Photo Quiz
Scalded Mouth with Headache
Am Fam Physician. 2008 May 1;77(9):1307-1309.
A 60-year-old man presented after burning the roof of his mouth on hot soup five days earlier. The burned sensation resolved after one day; however, a couple of days later, he noticed tingling on the right side of the hard palate that progressed to a scalded sensation. This was accompanied by tenderness along the right temporal area and discomfort below the right ear. He denied a history of oral lesions.
Examination revealed erythema that was confined to the right side of the hard palate with multiple ulcerations and vesicles (Figures 1 and 2). Although mild redness and swelling were noted just below the right ear, no skin lesions were present.

Figure 1.

Figure 2.
Question
Based on the patient's history and physical examination, which one of the following is the most likely diagnosis?

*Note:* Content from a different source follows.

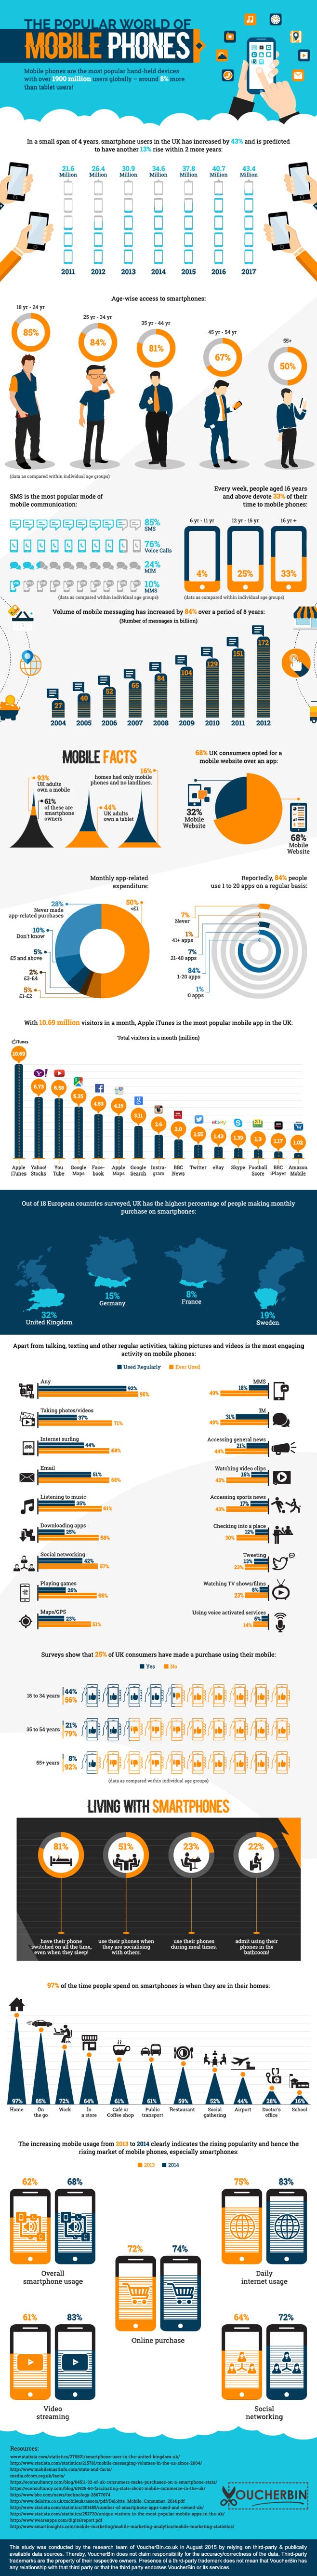 voucherbin-infographic-the-popular-world-of-mobile-phones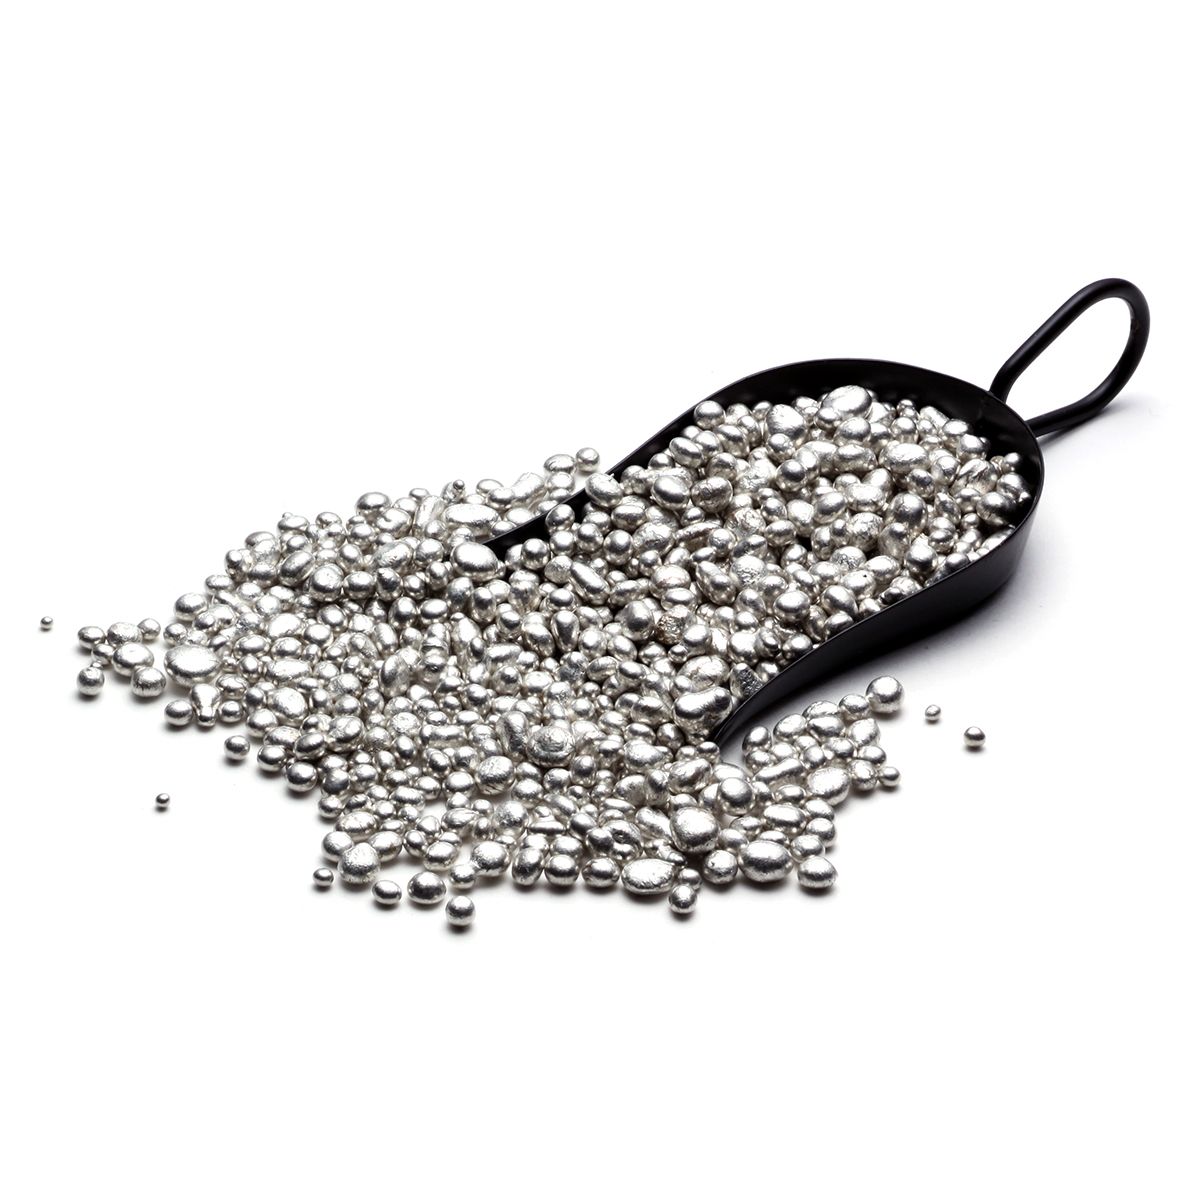 300 Grams Silver 999 Grains

A. Herpes zoster (shingles).
B. Intraoral herpes simplex virus infection.
C. Primary syphilis.
D. Recurrent aphthous stomatitis.
E. Ulcers from thermal trauma.
Discussion
The answer is A: herpes zoster (shingles). The presence of multiple vesicles that vary in size and are confined to the right side of the hard palate (i.e., cranial nerve V2 distribution) accompanied by neuralgia and erythema in ipsilateral cutaneous portions of the right trigeminal nerve suggests herpes zoster over oral herpes simplex virus (HSV) infection. HSV infection is also less likely in this patient because he has no history of oral ulcers. However, herpes zoster cannot be differentiated from HSV infection based on clinical findings alone because HSV lesions can occur unilaterally and be indistinguishable from those caused by the varicella zoster virus. A more definitive clinical diagnosis of herpes zoster requires the presence of an associated cutaneous herpetiform rash in the appropriate distribution of the affected nerve.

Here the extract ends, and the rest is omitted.